Thousands of parrots, cockatoos and other exotic birds have been exported over the last 10 years, Traffic has reported.
But officials say there are no major captive breeding units in the islands.
The Solomons recently joined Convention on International Trade in Endangered Species (CITES), the global wildlife trade convention, which sets different conditions for trading captive-bred and wild animals.
“Declaring exported birds as being captive-bred has all the hallmarks of a scam to get around international trade regulations,” said Chris Shepherd, Traffic’s deputy director for Southeast Asia.
Traffic has found that the Solomon Islands has become a hub for "laundering" wild birds into the global captive-bred bird trade
Some of the 35 bird species exported from the Solomons are on the internationally recognized Red List of Threatened Species.
They include the Critically Endangered yellow-crested cockatoo (Cacatua sulphurea), and the chattering lory (Lorius garrulus) and blue bird of paradise (Paradisaea rudolphi), which are both categorized as Vulnerable.
Under CITES all trade in the yellow-crested cockatoo is banned.
For the others, exports of wild-caught birds are strictly regulated.

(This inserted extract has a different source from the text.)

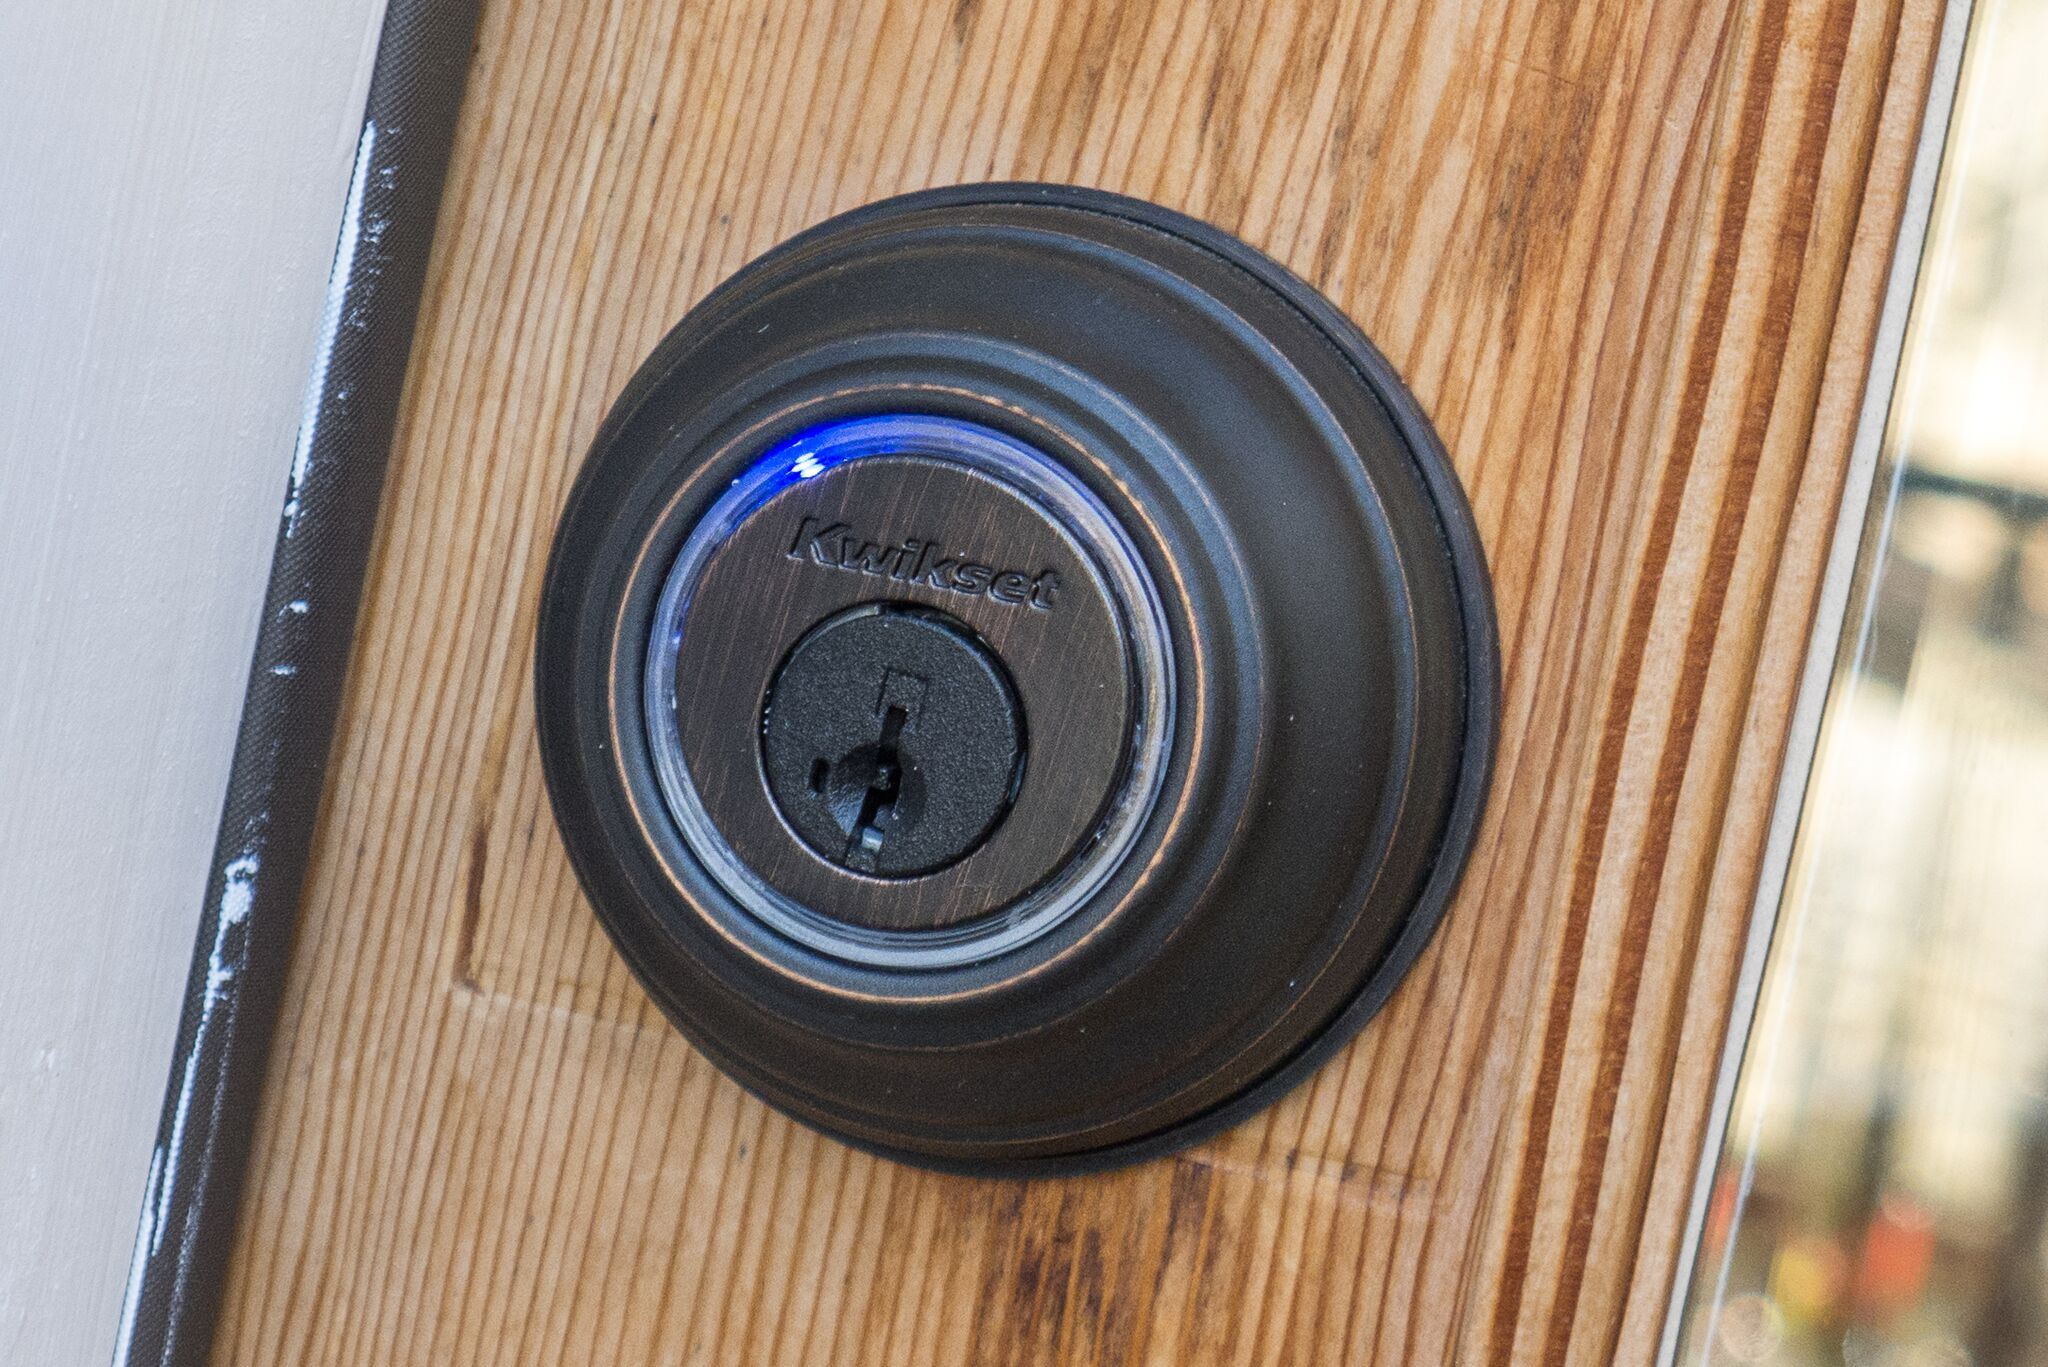 Everyday home gear made smart Kwikset Smart Lock

Using records from importing countries, Traffic investigators calculated that about 54,000 birds were exported from the Solomons in the period 2000-2010.
More than 40,000 of these were declared as captive-bred.
Most belong to species native to the Solomons, but more than 13,000 came from non-native species, mainly originating in Indonesia and Papua New Guinea.
But Traffic could find no records of these species being imported into the Solomons, either for re-export or to begin a captive breeding programme.
An official from the government’s Environment Conservation Division told investigators: “There are no breeding facilities, only some confusion with storing facilities.
“Most of the exported birds were captured and kept in holding sites only.”
The main destinations for the birds were Malaysia and Singapore.
Malaysia recently suspended imports from the Solomon Islands after concerns were raised. Traffic is urging the Singapore government to do the same.
It also recommends that CITES should investigate the situation with authorities in the Solomon Islands, and consider a trade suspension if no action is taken.
Traffic is jointly supported by the International Union for the Conservation of Nature (IUCN) and WWF, and works with CITES on various issues.